Permission is hereby granted by the Open Geospatial Consortium, ("Licensor"), free of charge and subject to the terms set forth below, to any person obtaining a copy of this Intellectual Property and any associated documentation, to deal in the Intellectual Property without restriction (except as set forth below), including without limitation the rights to implement, use, copy, modify, merge, publish, distribute, and/or sublicense copies of the Intellectual Property, and to permit persons to whom the Intellectual Property is furnished to do so, provided that all copyright notices on the intellectual property are retained intact and that each person to whom the Intellectual Property is furnished agrees to the terms of this Agreement.

If you modify the Intellectual Property, all copies of the modified Intellectual Property must include, in addition to the above copyright notice, a notice that the Intellectual Property includes modifications that have not been approved or adopted by LICENSOR.

THIS LICENSE IS A COPYRIGHT LICENSE ONLY, AND DOES NOT CONVEY ANY RIGHTS UNDER ANY PATENTS THAT MAY BE IN FORCE ANYWHERE IN THE WORLD.

THE INTELLECTUAL PROPERTY IS PROVIDED "AS IS", WITHOUT WARRANTY OF ANY KIND, EXPRESS OR IMPLIED, INCLUDING BUT NOT LIMITED TO THE WARRANTIES OF MERCHANTABILITY, FITNESS FOR A PARTICULAR PURPOSE, AND NONINFRINGEMENT OF THIRD PARTY RIGHTS. THE COPYRIGHT HOLDER OR HOLDERS INCLUDED IN THIS NOTICE DO NOT WARRANT THAT THE FUNCTIONS CONTAINED IN THE INTELLECTUAL PROPERTY WILL MEET YOUR REQUIREMENTS OR THAT THE OPERATION OF THE INTELLECTUAL PROPERTY WILL BE UNINTERRUPTED OR ERROR FREE. ANY USE OF THE INTELLECTUAL PROPERTY SHALL BE MADE ENTIRELY AT THE USER’S OWN RISK. IN NO EVENT SHALL THE COPYRIGHT HOLDER OR ANY CONTRIBUTOR OF INTELLECTUAL PROPERTY RIGHTS TO THE INTELLECTUAL PROPERTY BE LIABLE FOR ANY CLAIM, OR ANY DIRECT, SPECIAL, INDIRECT OR CONSEQUENTIAL DAMAGES, OR ANY DAMAGES WHATSOEVER RESULTING FROM ANY ALLEGED INFRINGEMENT OR ANY LOSS OF USE, DATA OR PROFITS, WHETHER IN AN ACTION OF CONTRACT, NEGLIGENCE OR UNDER ANY OTHER LEGAL THEORY, ARISING OUT OF OR IN CONNECTION WITH THE IMPLEMENTATION, USE, COMMERCIALIZATION OR PERFORMANCE OF THIS INTELLECTUAL PROPERTY.

This license is effective until terminated. You may terminate it at any time by destroying the Intellectual Property together with all copies in any form. The license will also terminate if you fail to comply with any term or condition of this Agreement. Except as provided in the following sentence, no such termination of this license shall require the termination of any third party end-user sublicense to the Intellectual Property which is in force as of the date of notice of such termination. In addition, should the Intellectual Property, or the operation of the Intellectual Property, infringe, or in LICENSOR’s sole opinion be likely to infringe, any patent, copyright, trademark or other right of a third party, you agree that LICENSOR, in its sole discretion, may terminate this license without any compensation or liability to you, your licensees or any other party. You agree upon termination of any kind to destroy or cause to be destroyed the Intellectual Property together with all copies in any form, whether held by you or by any third party.

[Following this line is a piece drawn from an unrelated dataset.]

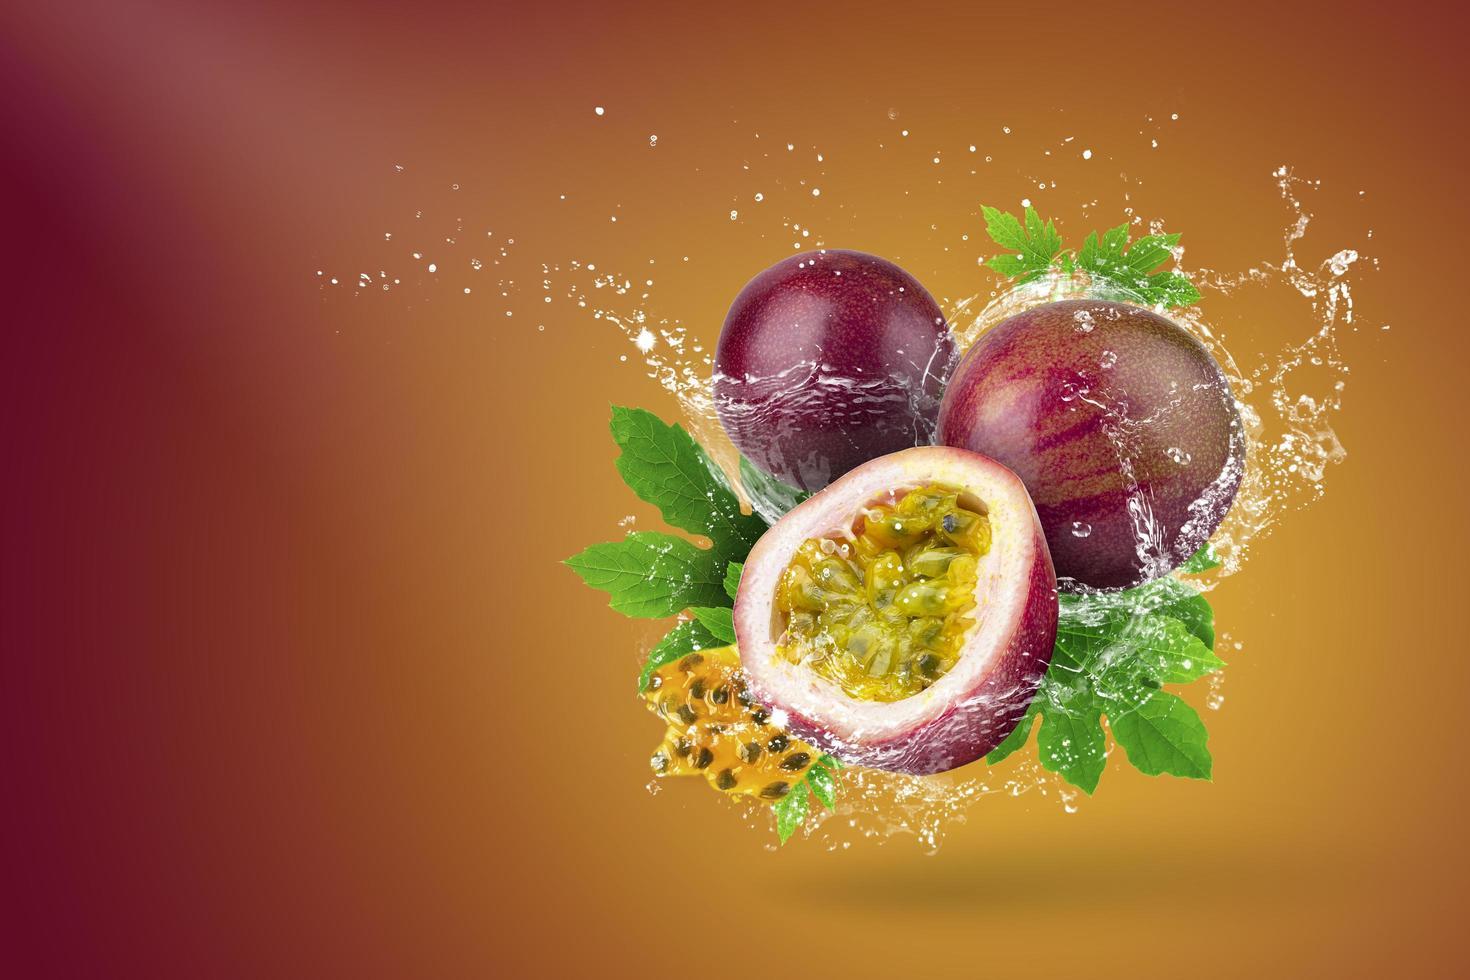 Water splashing on passion fruit  photo

Except as contained in this notice, the name of LICENSOR or of any other holder of a copyright in all or part of the Intellectual Property shall not be used in advertising or otherwise to promote the sale, use or other dealings in this Intellectual Property without prior written authorization of LICENSOR or such copyright holder. LICENSOR is and shall at all times be the sole entity that may authorize you or any third party to use certification marks, trademarks or other special designations to indicate compliance with any LICENSOR standards or specifications. This Agreement is governed by the laws of the Commonwealth of Massachusetts. The application to this Agreement of the United Nations Convention on Contracts for the International Sale of Goods is hereby expressly excluded. In the event any provision of this Agreement shall be deemed unenforceable, void or invalid, such provision shall be modified so as to make it valid and enforceable, and as so modified the entire Agreement shall remain in full force and effect. No decision, action or inaction by LICENSOR shall be construed to be a waiver of any rights or remedies available to it.

i. Abstract

This OGC White Paper describes Geospatial Data Science based on the Location Powers: Data Science Summit of November 2019. The white paper provides a description of the presentations and discussions of the summit along with recommendations for OGC activities to advance the field of Geospatial Data Science.

ii. Keywords

The following are keywords to be used by search engines and document catalogues.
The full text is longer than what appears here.